Navigating the filesystem
Knowing how to navigate the Linux filesystem quickly and find what you are looking for is a skill that pays off in nearly every situation: investigating a configuration file that changed unexpectedly, finding large files filling up a disk, searching a codebase for a string, or collecting logs before an incident review. This page covers the primary tools for filesystem navigation and search, along with practical patterns for gathering system information.
Listing files with ls
ls changes its output format depending on its destination. When stdout goes to a terminal, it formats output in multiple columns for human readability. When stdout is redirected (into a pipe or a file), it switches to one filename per line:
ls /bin # formatted, multi-column output on a terminal
ls /bin | cat # one filename per line in a pipeline
ls -1 # force single-column output regardless of destination
ls -C # force multi-column output regardless of destination
This difference matters when counting or processing filenames in a pipeline:
ls # shows 4 files on one line
ls | wc -l # counts 4 lines in the pipeline
ls -C | wc -l # counts 1 line (forced single-line output)
Navigating with CDPATH
CDPATH holds a list of directories that bash searches when you run cd. It works like PATH, but for directory navigation rather than executable lookup. When you change to a directory that matches a CDPATH entry, bash prints the absolute path to confirm where it landed.
Define CDPATH in your .bashrc to make it permanent:
CDPATH=$HOME:$HOME/projects:..
After this definition, cd api resolves to $HOME/projects/api from anywhere on the filesystem. Adding .. to CDPATH lets you change to sibling directories without typing ../sibling. For example, if you are in /home/user/projects/frontend, running cd backend changes to /home/user/projects/backend directly.
CDPATH works best when your directory names are unique. Duplicate names across directories can cause cd to resolve to the wrong location.
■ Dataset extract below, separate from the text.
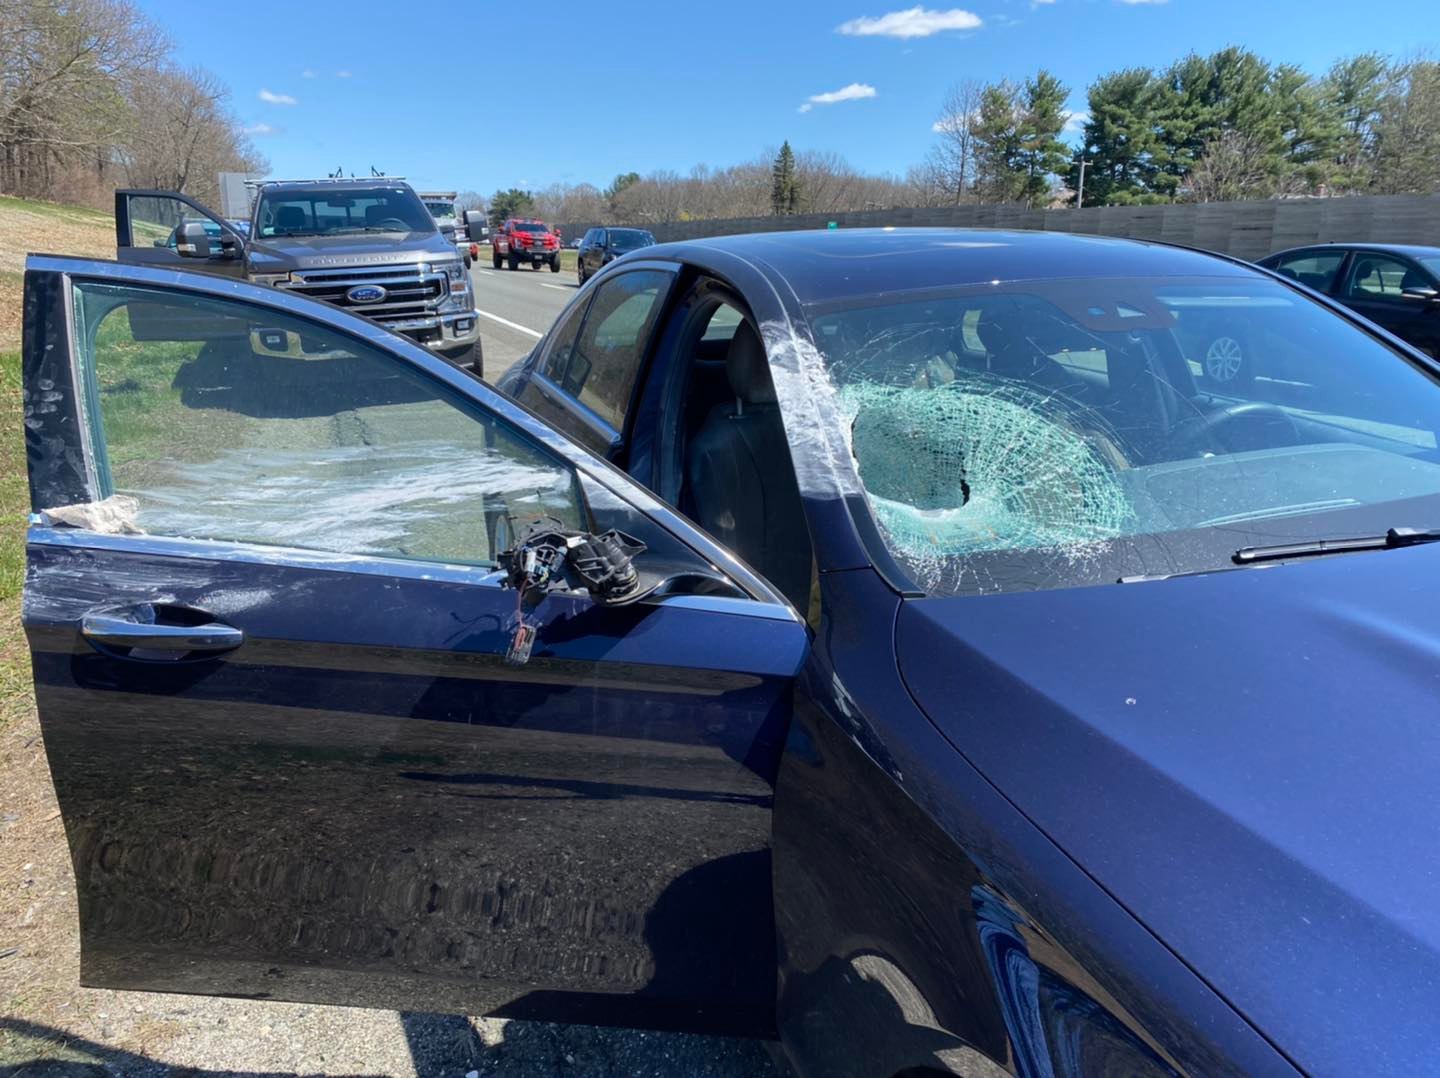 One sent to the hospital after unsecured load crashes through windshield on Massachusetts highway

You can generate CDPATH automatically from your home directory structure by adding this to .bashrc:
CDPATH=$HOME$(cd && ls -d */ | sed -e 's@^@:$HOME/@g' -e 's@/$@@' | tr '\n' ':')..
Finding files with find
find searches a directory tree recursively and prints matching file paths. It is the primary tool for locating files by name, type, size, owner, or modification time.
find /path -options
Searching by name
Search for a file by name pattern:
find /etc -name "*.conf" # all .conf files in /etc
find /home -name "*.txt" # all text files under /home
find /home -name ".*" # hidden files (dotfiles)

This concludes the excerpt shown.